Антон, закинув ногу на ногу, хихикал:

– Ага, так вы с ним не знакомы? Однако фамилию твою, Мери, он знает: Колосова. Телепат, что ли?

– Наверно, – вздохнула Маша. Она очень устала, и не было у нее больше сил на пререкания. А также и на расследование – кто он, откуда и что именно о ней узнал.

Сколько сейчас времени? Небо целый день черное, и не понять: зашло солнце или еще нет. Редко случается такая долгая гроза.

Наручные часики остановились от влаги во время ее необычного утреннего путешествия. Пожалуй, сейчас около пяти часов пополудни. А клонит ко сну так, будто уже ночь.

– Ну, я пошел, – неожиданно сказал Антон. – Не маленький, понимаю: третий лишний.

– Как?! Уйдешь? – испугалась Мария. – А вдруг он тут без тебя...

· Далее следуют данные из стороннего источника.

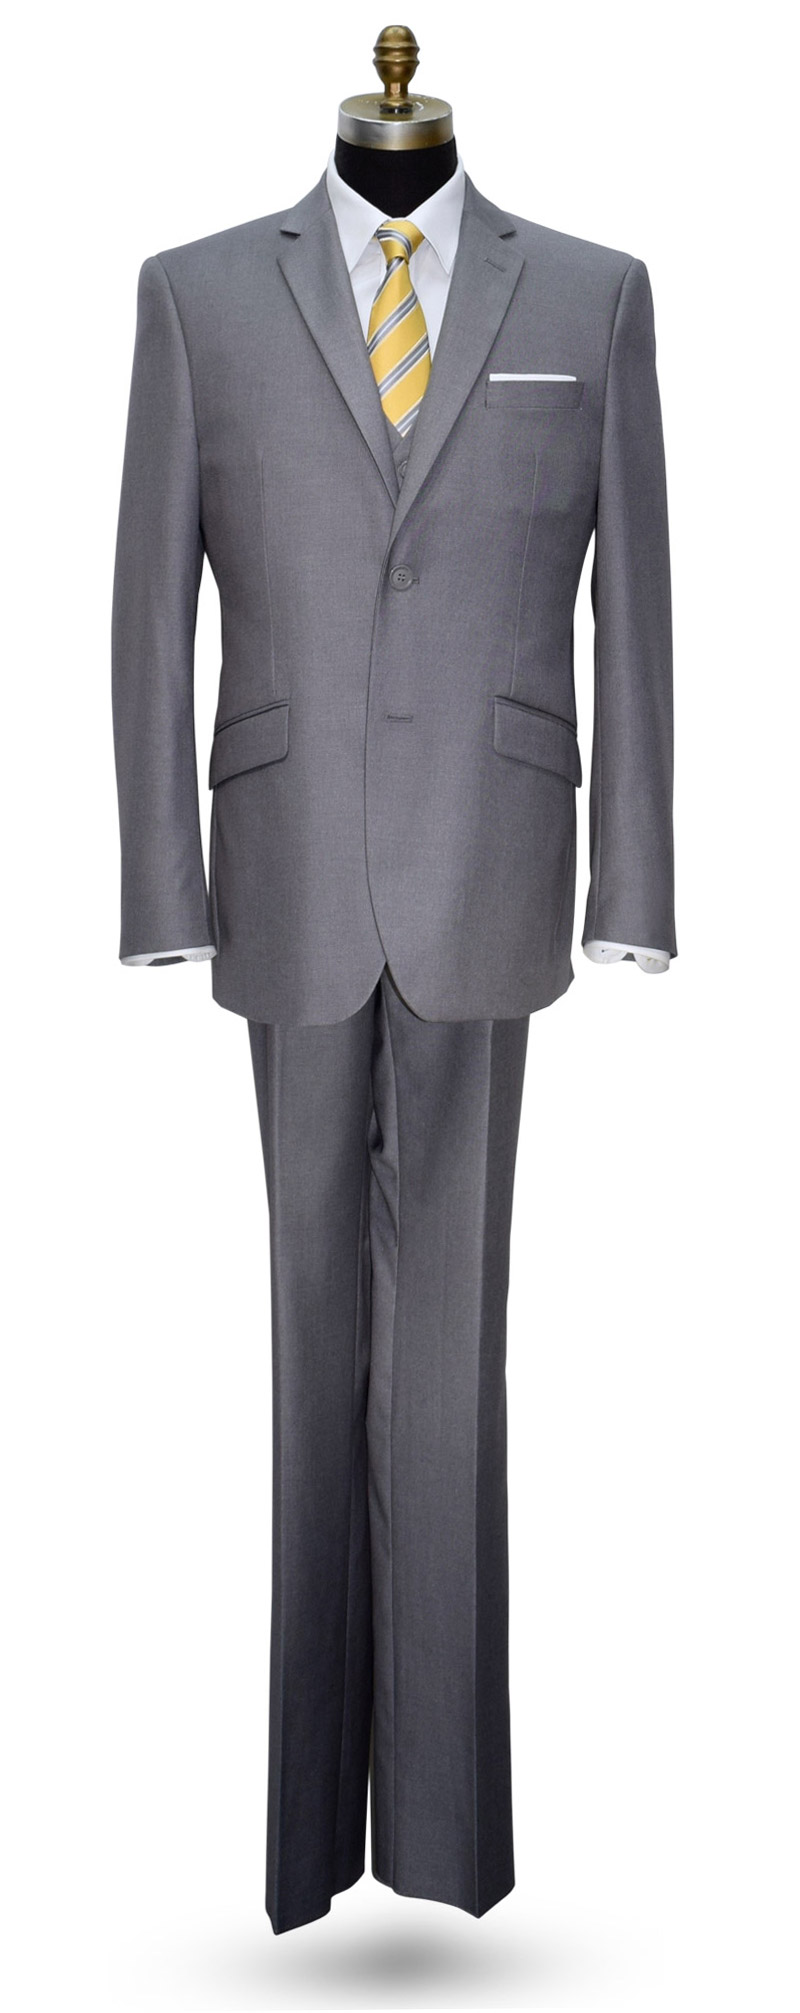 Men's Medium to Light Gray 3 Piece Slim Fit Suit-Coat, Pants and Vest Only

– Загнется? Да нет, вряд ли. Если честно – преувеличил я насчет летального-то. Хотел увидеть твою реакцию: насколько этот пришелец дорог твоему сердцу... и другим твоим жизненно важным органам. Убедился: сердечко трепещет. Успокойся: жить будет. И даже сможет тебя удовлетворять...

– Господи, Антон, сколько можно!

– Но не сразу, Мери, не сразу. Единственное, что ему сейчас нужно, – это покой. Так что не соблазняй его пока своими голыми плечиками.